● WORK TO COMPLETE
Take the lines of the data below from the very first through the line containing "Des clés de" and output them exactly, pictures excluded.

● Records from a data source
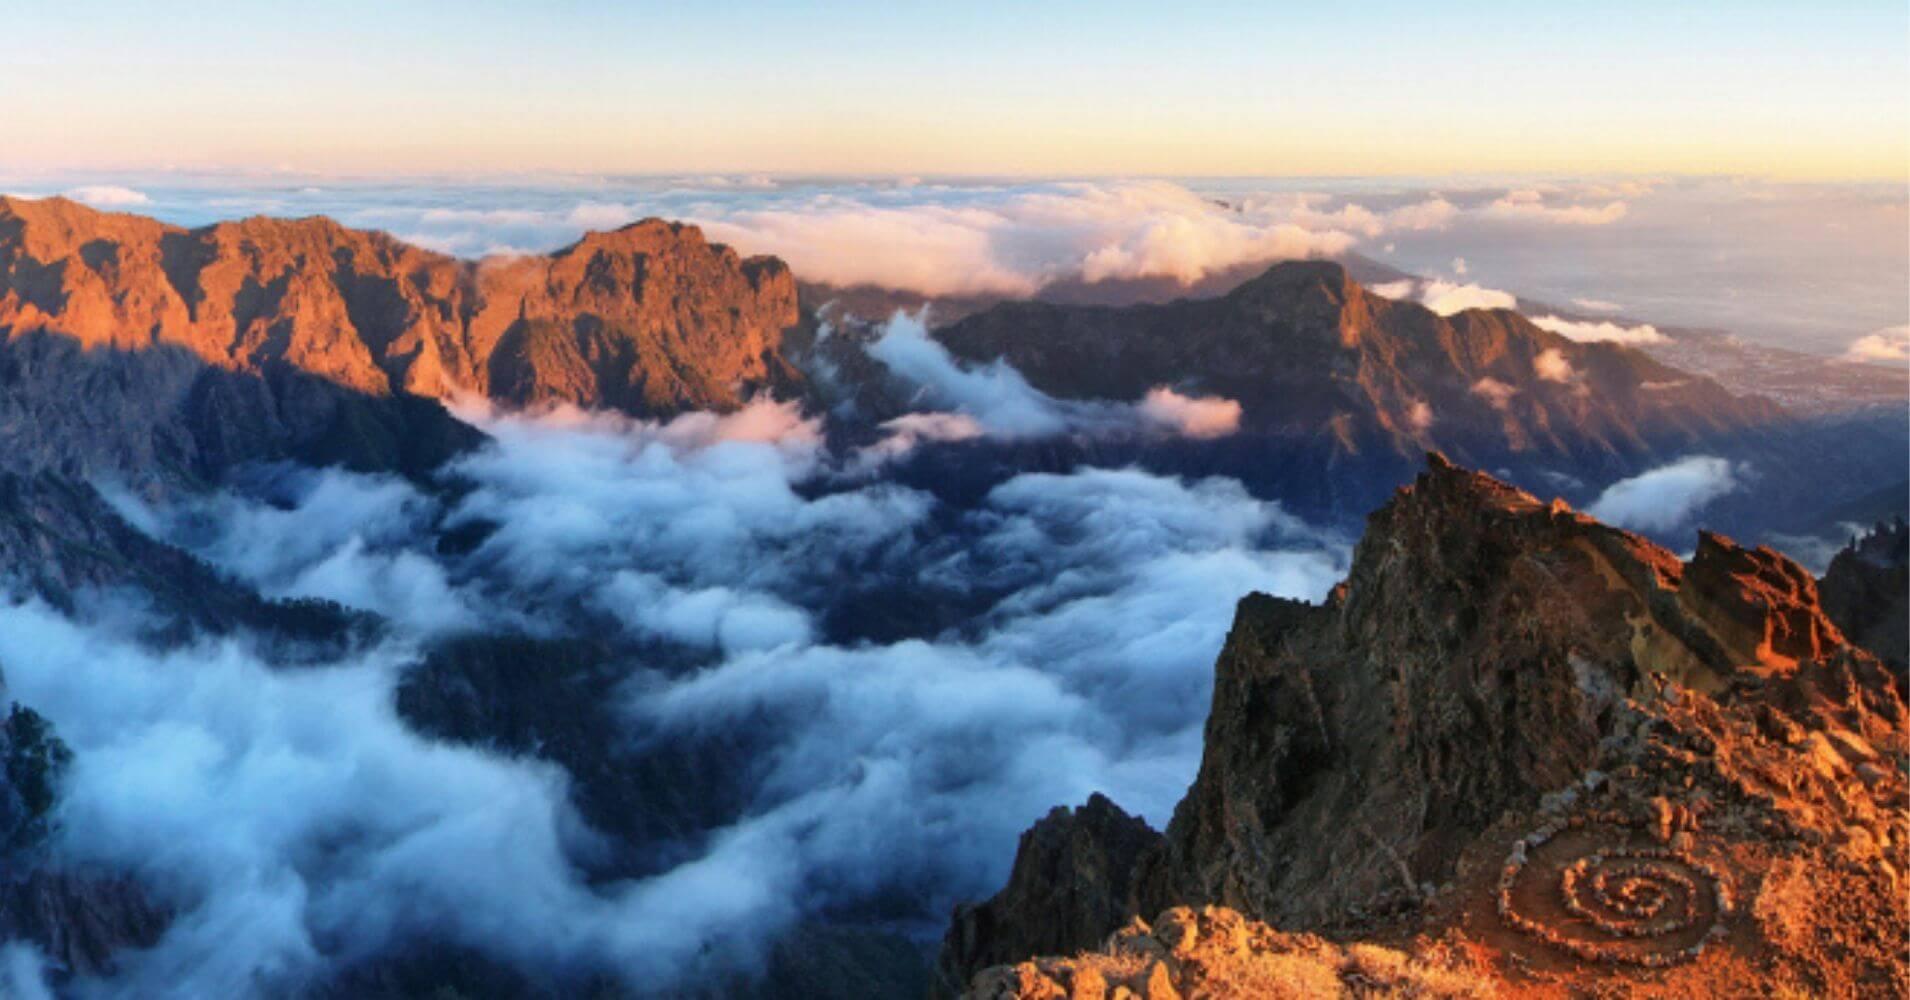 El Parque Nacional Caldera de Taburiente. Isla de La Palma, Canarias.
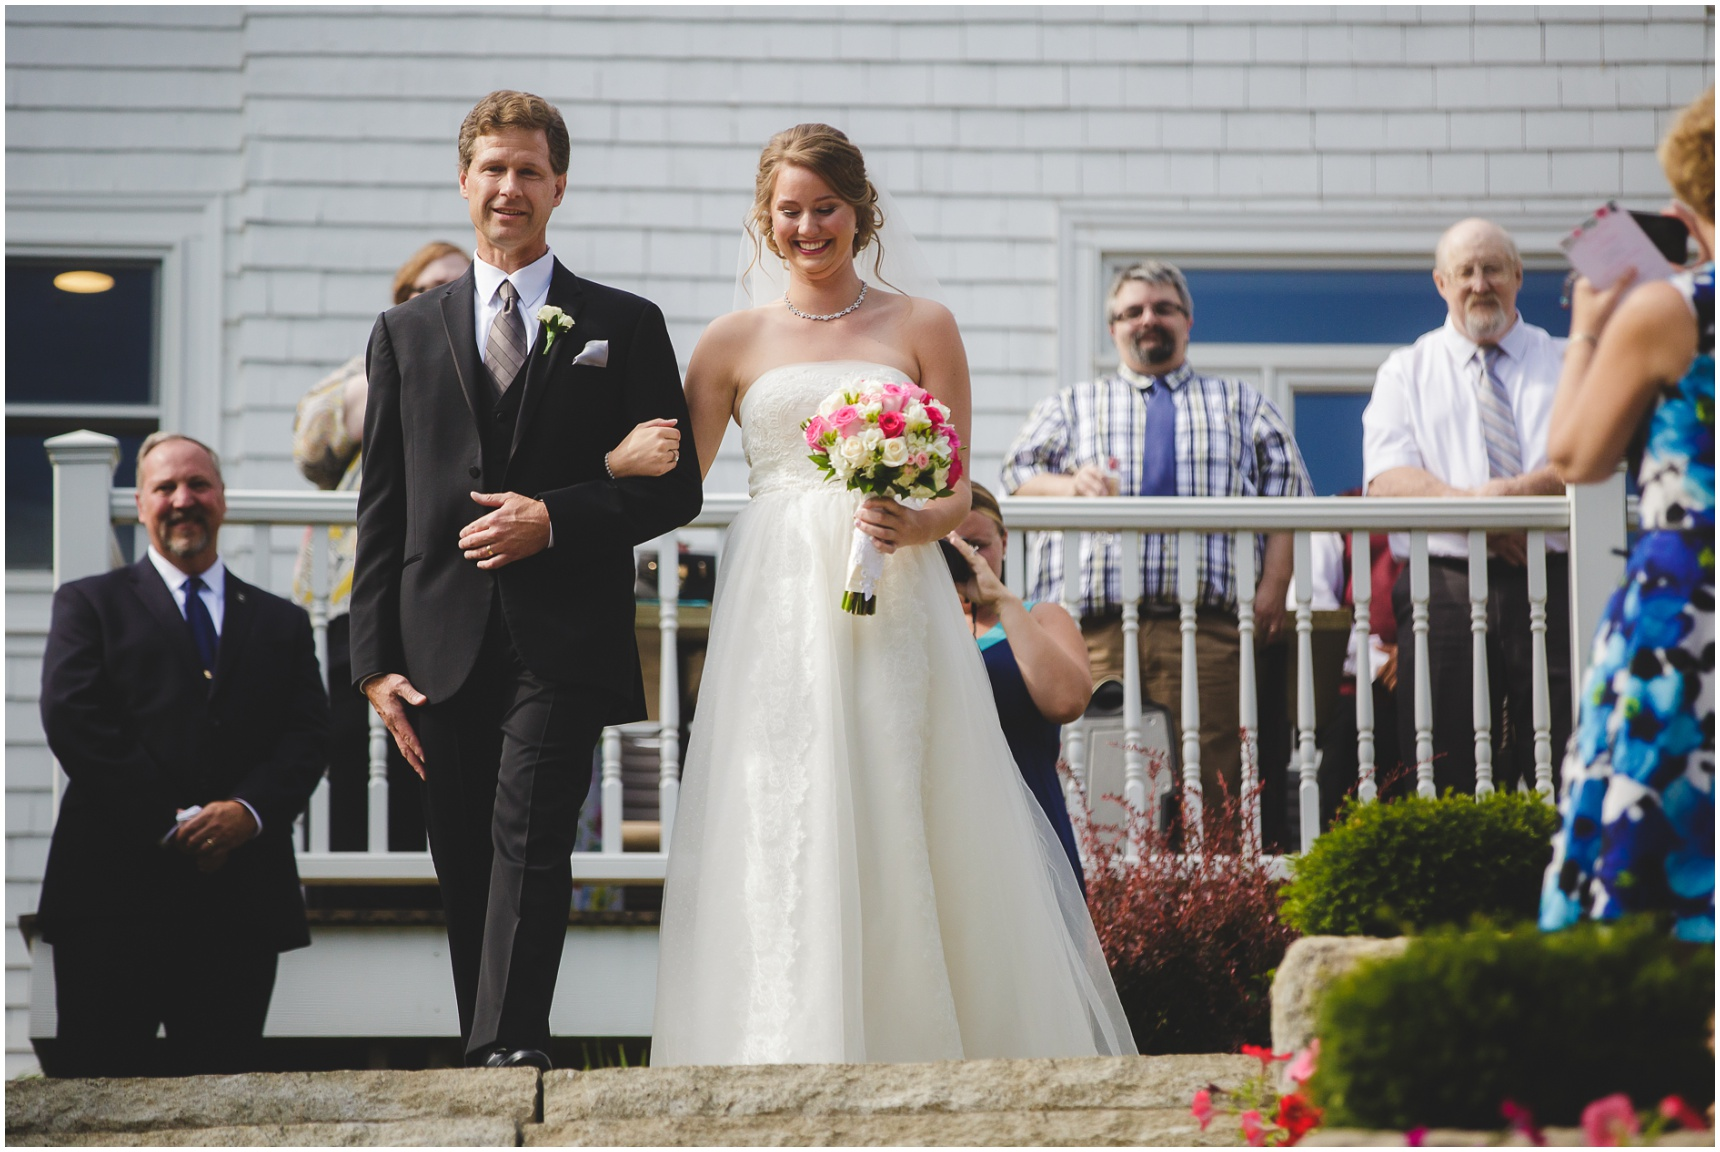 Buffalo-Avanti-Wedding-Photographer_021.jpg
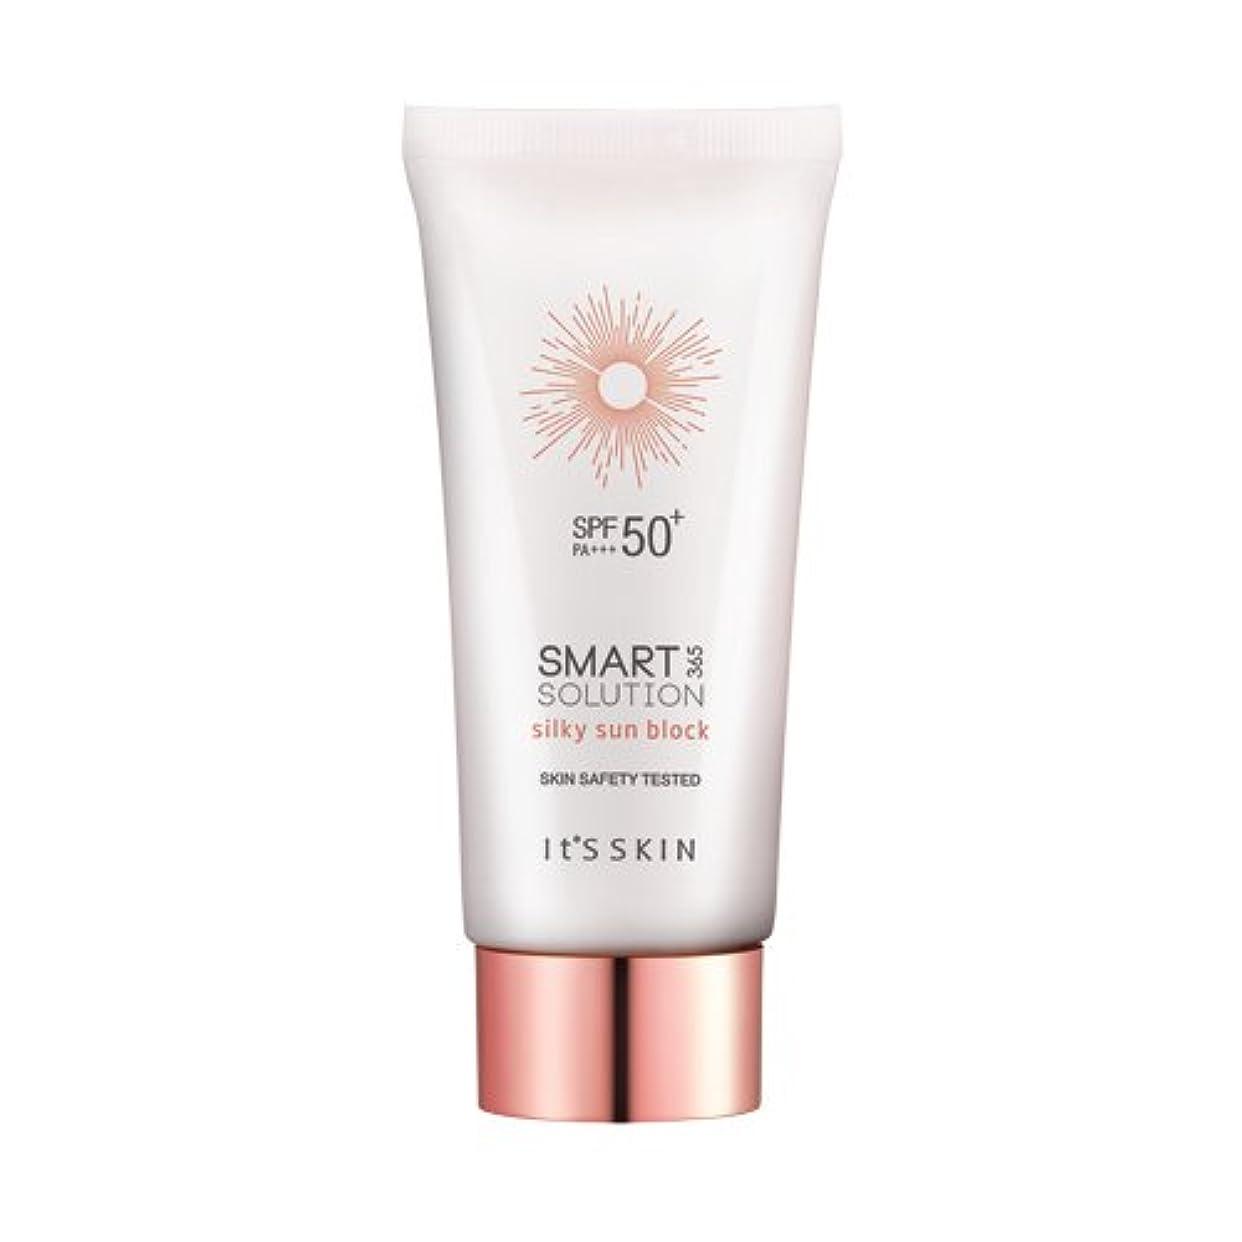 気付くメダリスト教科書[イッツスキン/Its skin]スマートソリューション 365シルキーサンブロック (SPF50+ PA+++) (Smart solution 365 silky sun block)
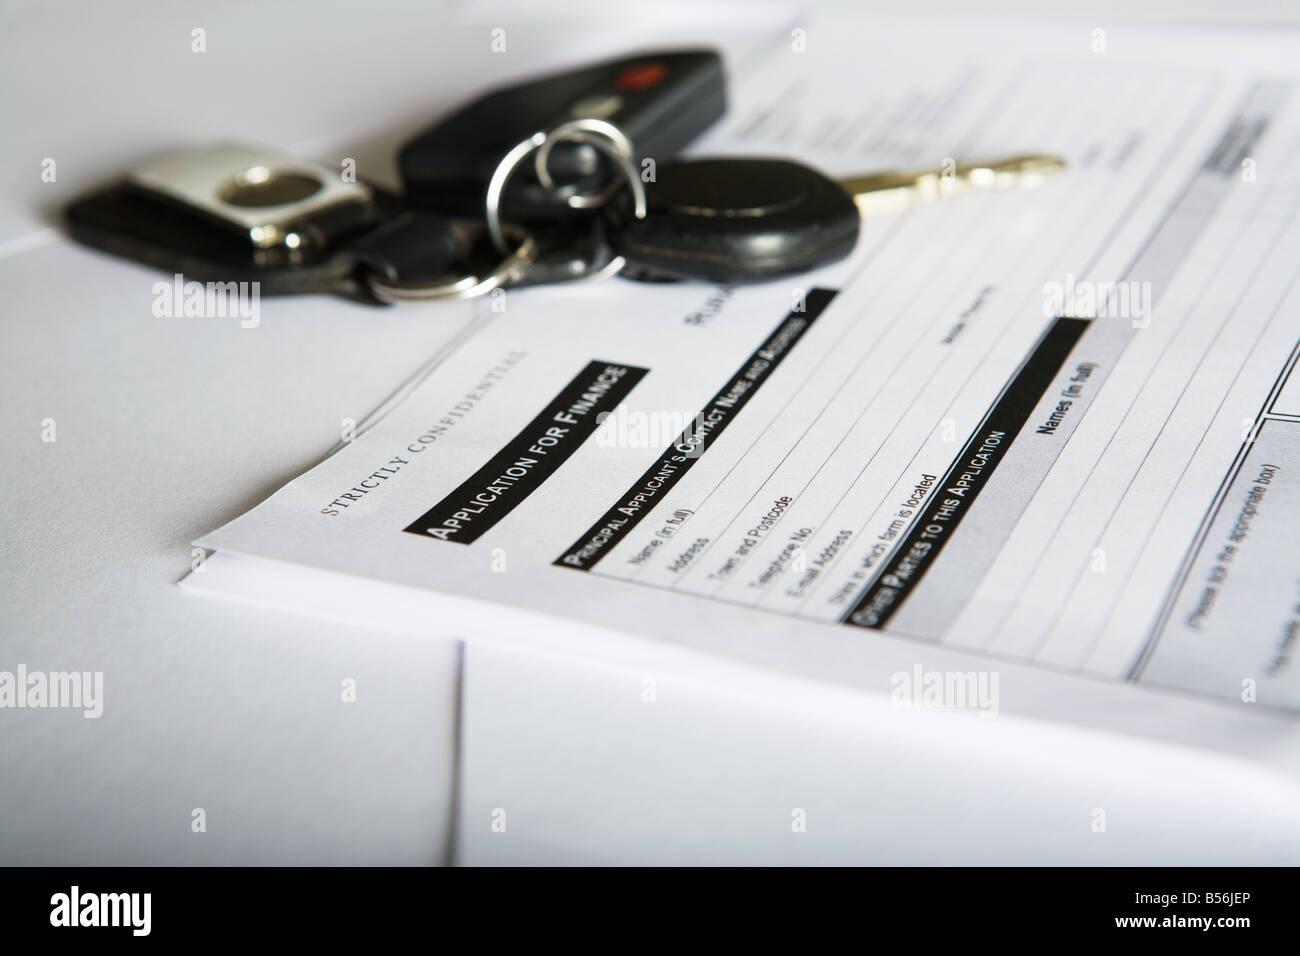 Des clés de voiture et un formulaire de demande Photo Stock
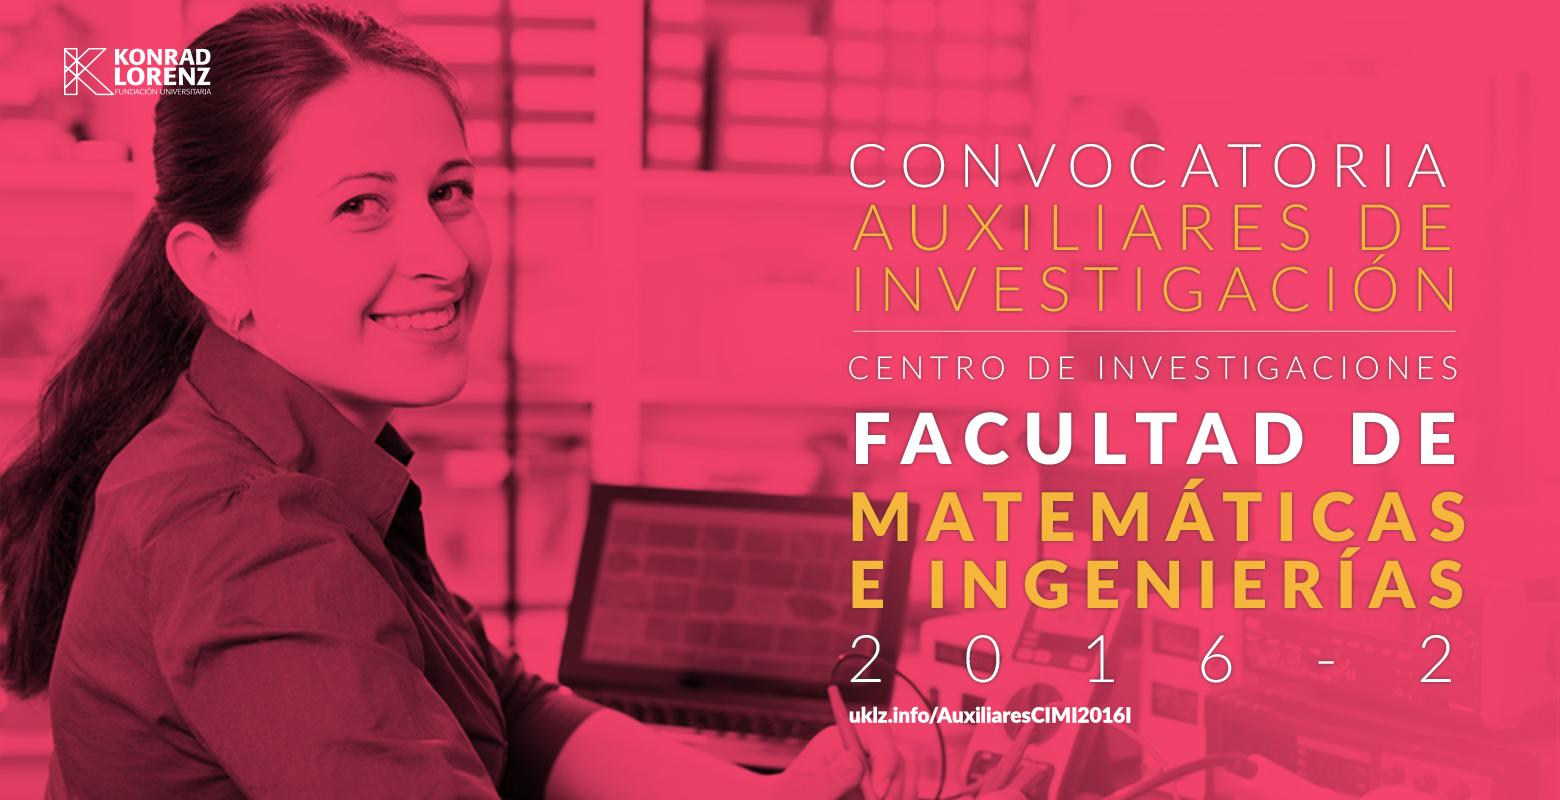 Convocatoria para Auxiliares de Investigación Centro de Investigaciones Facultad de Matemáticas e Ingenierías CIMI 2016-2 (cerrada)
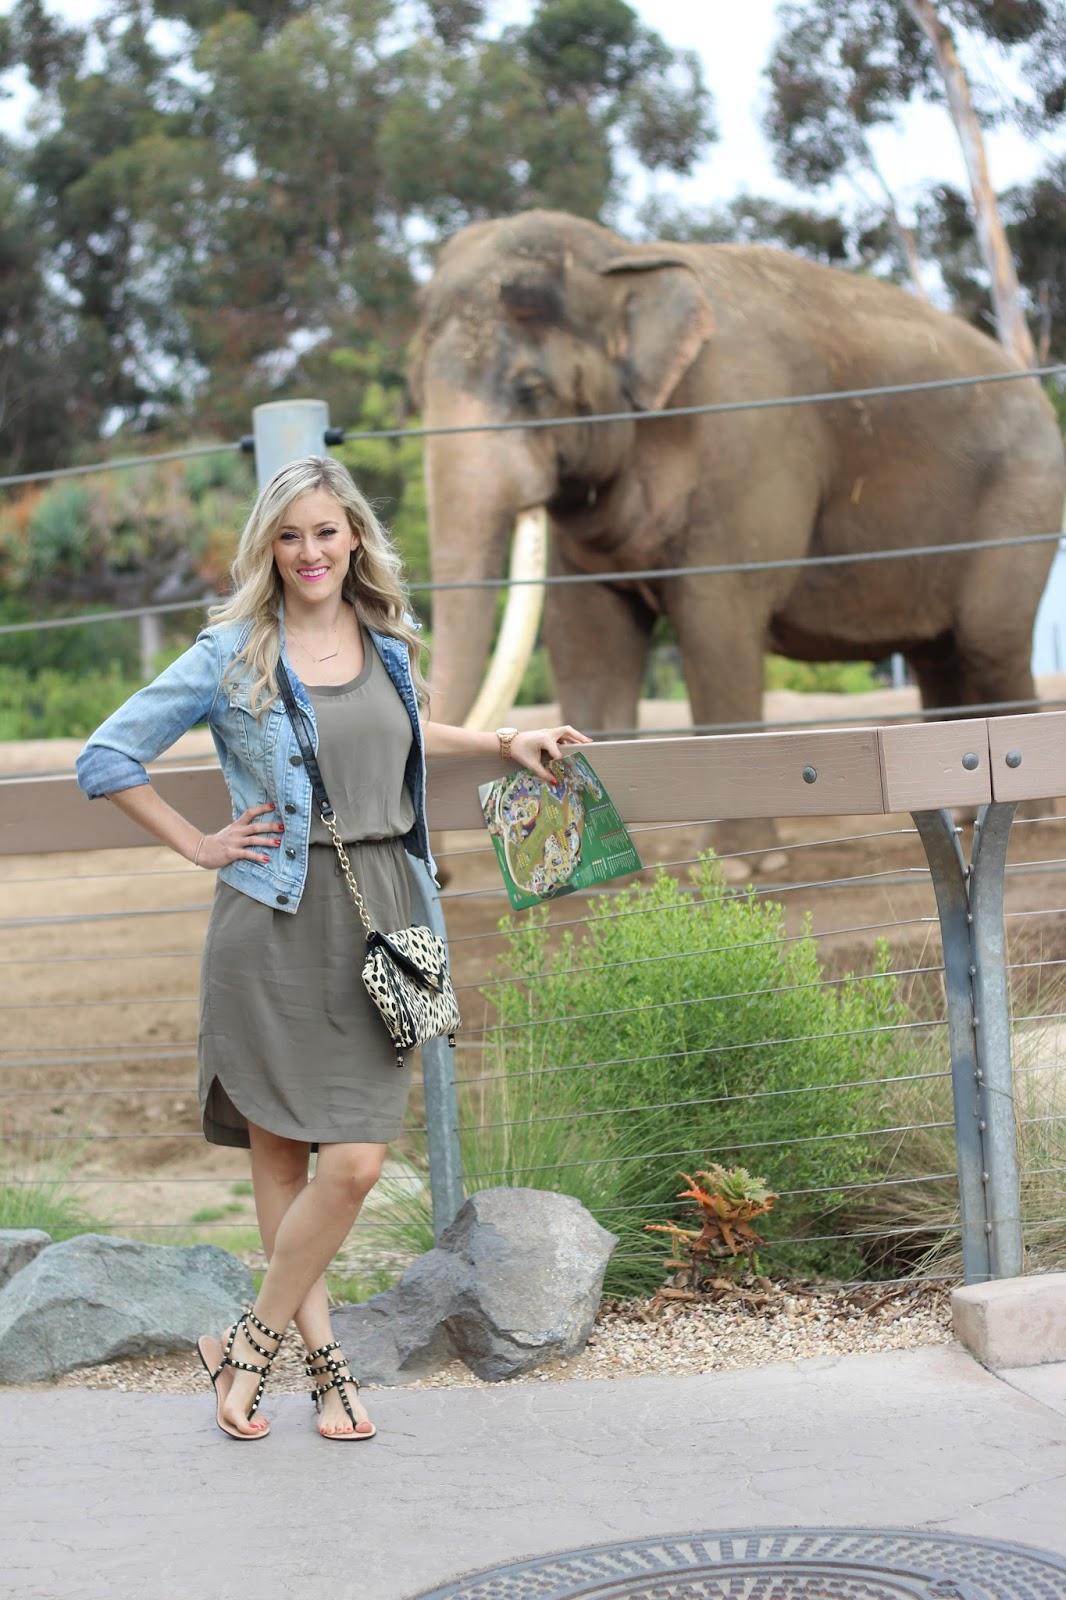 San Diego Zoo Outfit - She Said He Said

● EXERCISE RESPONSE
 El Parque Nacional Caldera de Taburiente. Isla de La Palma, Canarias.
 Buffalo-Avanti-Wedding-Photographer_021.jpg
 気付くメダリスト教科書[イッツスキン/Its skin]スマートソリューション 365シルキーサンブロック (SPF50+ PA+++) (Smart solution 365 silky sun block)
 Des clés de voiture et un formulaire de demande Photo Stock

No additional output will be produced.